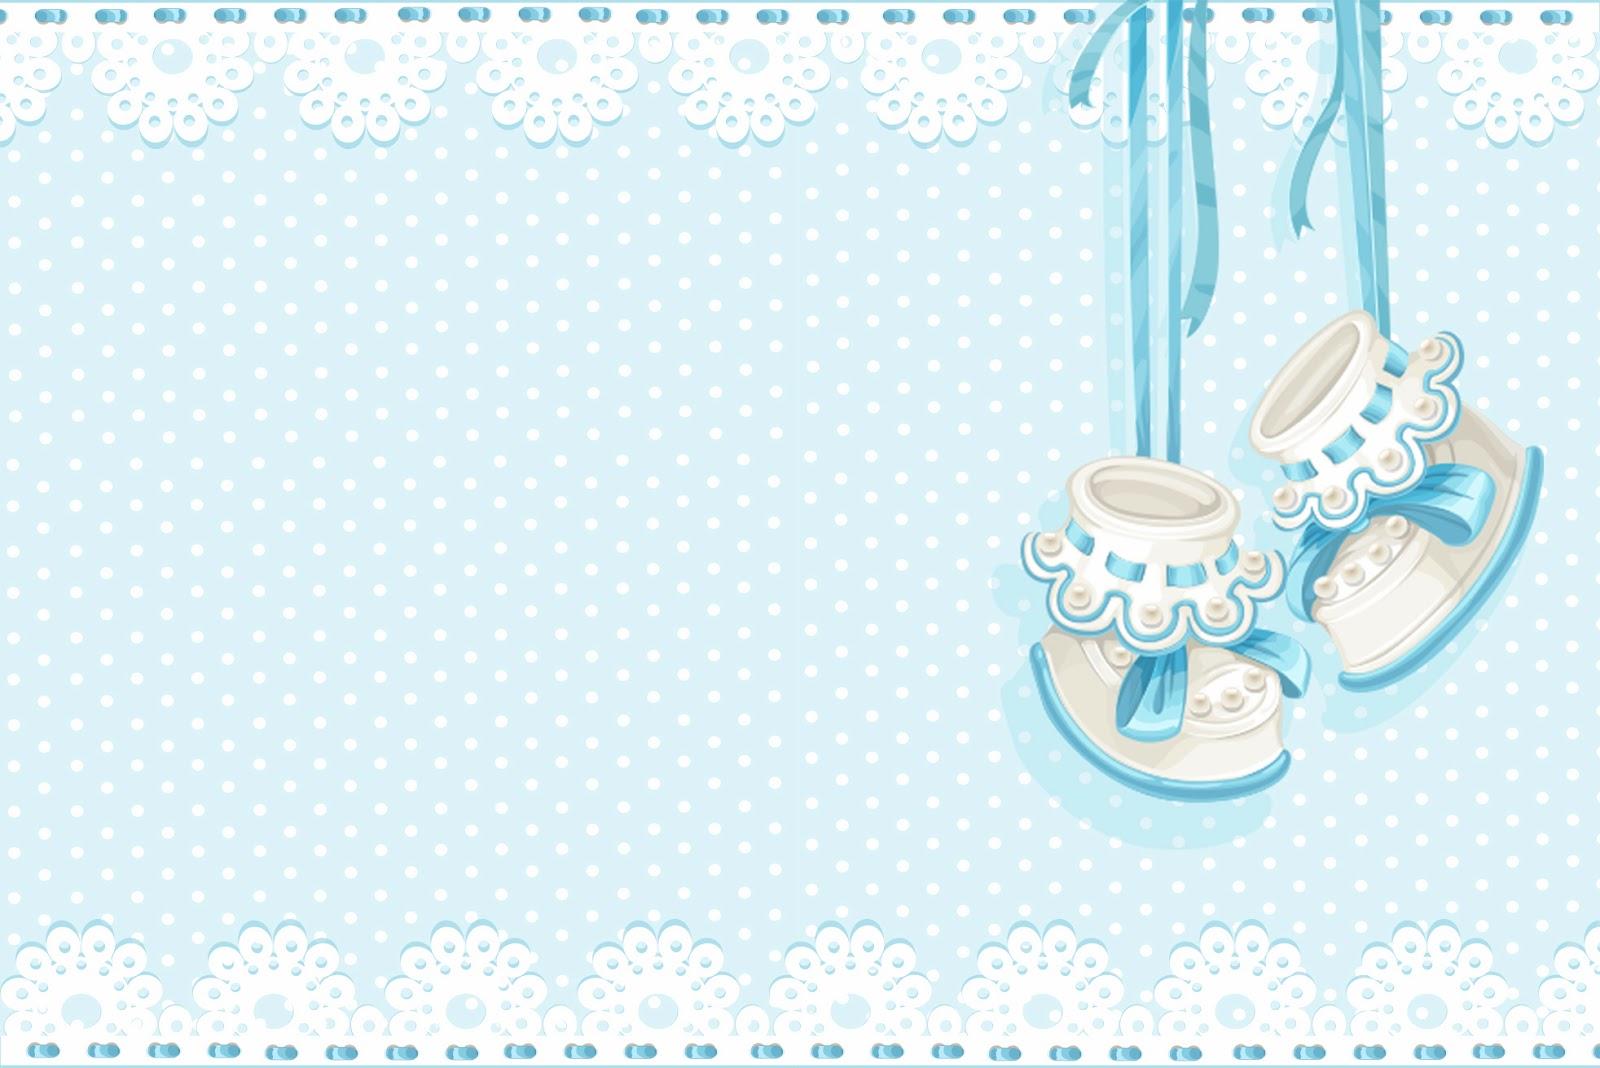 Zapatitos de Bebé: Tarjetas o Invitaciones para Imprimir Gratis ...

---

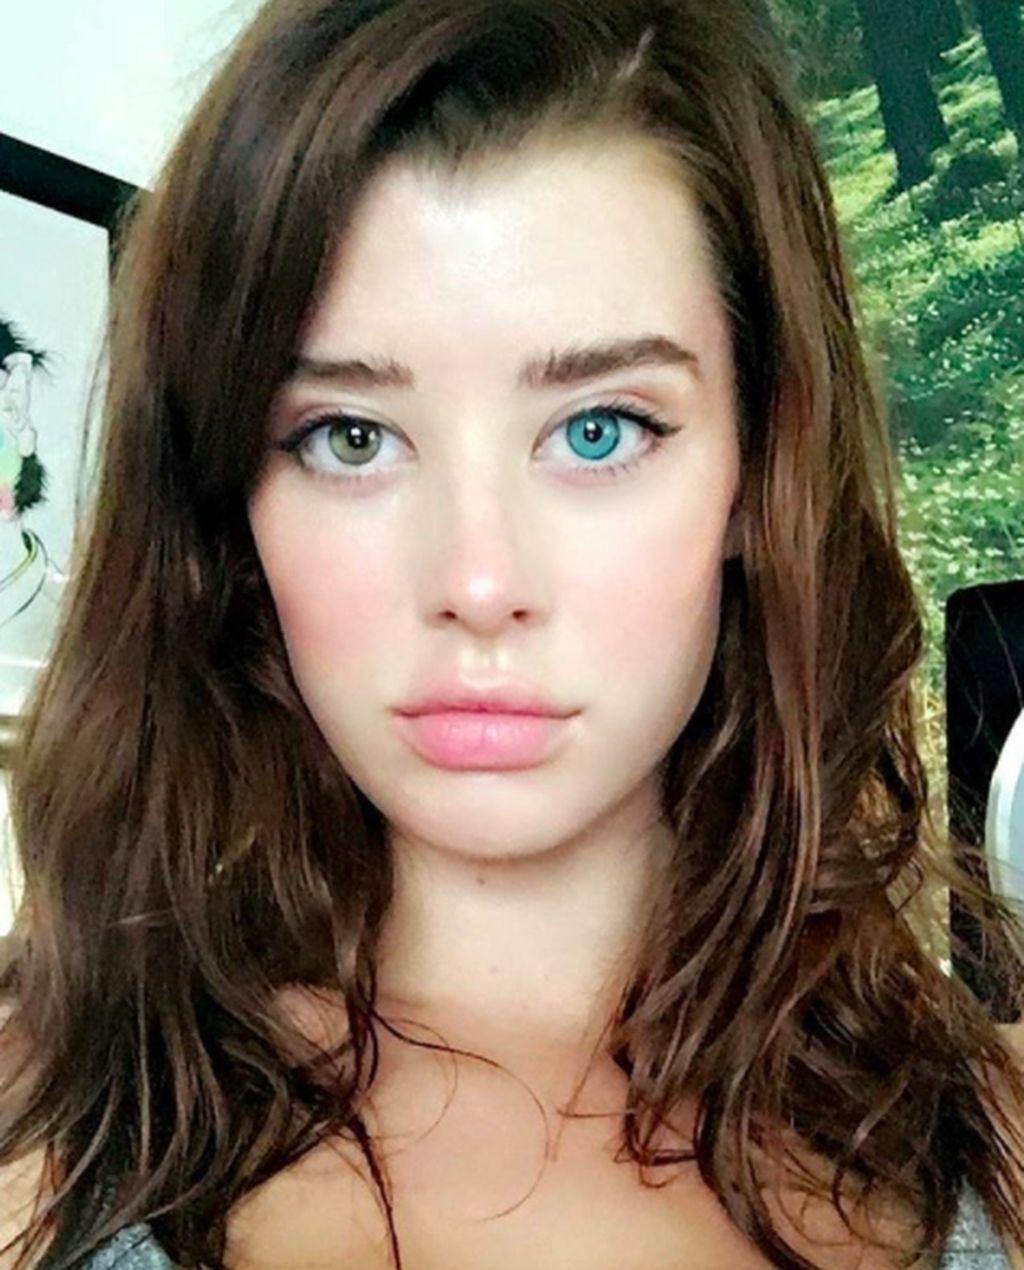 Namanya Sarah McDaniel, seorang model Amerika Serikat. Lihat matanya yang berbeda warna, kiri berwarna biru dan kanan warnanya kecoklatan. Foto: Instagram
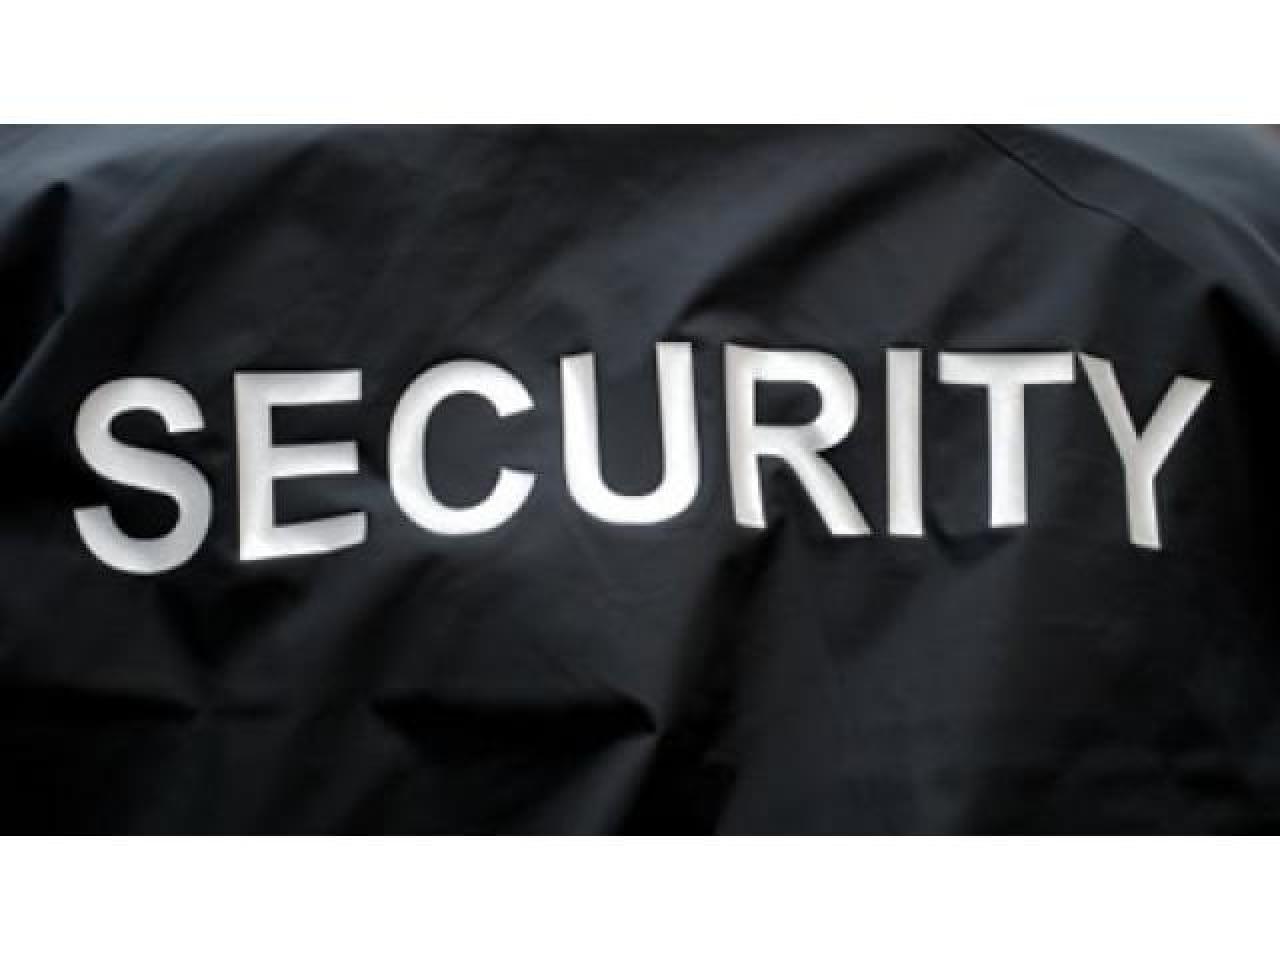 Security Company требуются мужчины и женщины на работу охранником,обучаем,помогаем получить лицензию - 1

--

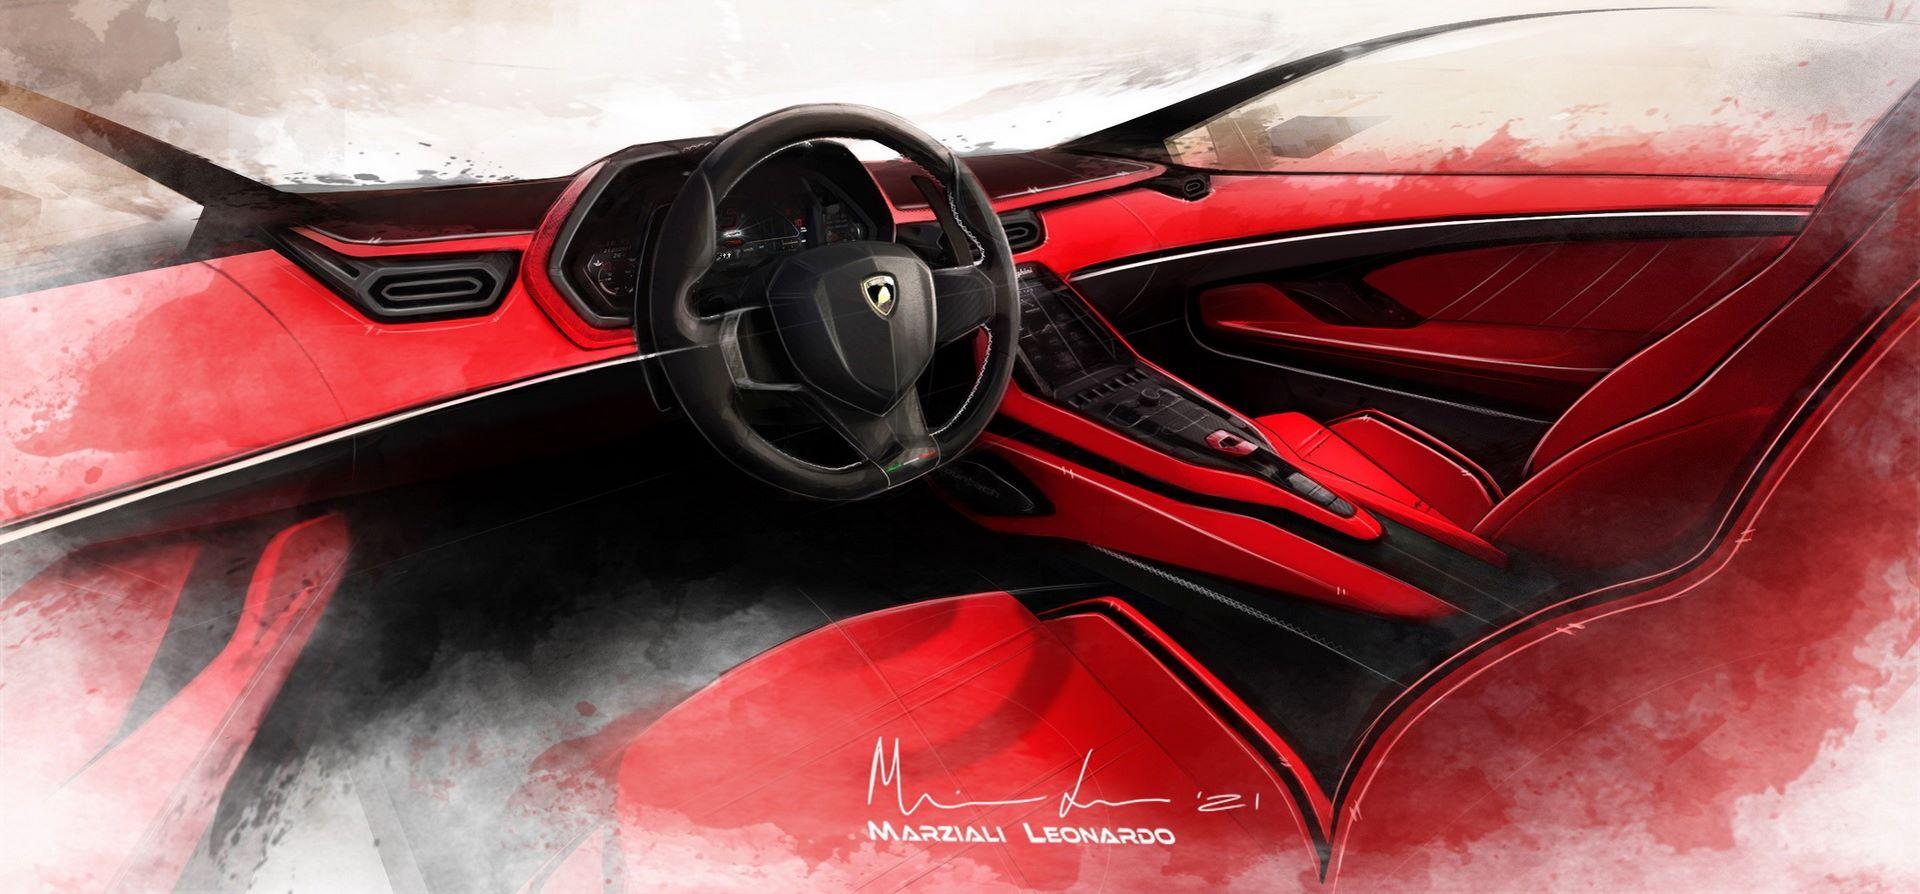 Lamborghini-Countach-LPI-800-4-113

#### [Exercise objective]
Within the listing above, copy exactly the lines that start at the one with "Namanya Sarah McDaniel, seorang" and continue through the one with "Security Company требуются". Omit pictures.

#### [Solution to the exercise]
 Namanya Sarah McDaniel, seorang model Amerika Serikat. Lihat matanya yang berbeda warna, kiri berwarna biru dan kanan warnanya kecoklatan. Foto: Instagram
 Security Company требуются мужчины и женщины на работу охранником,обучаем,помогаем получить лицензию - 1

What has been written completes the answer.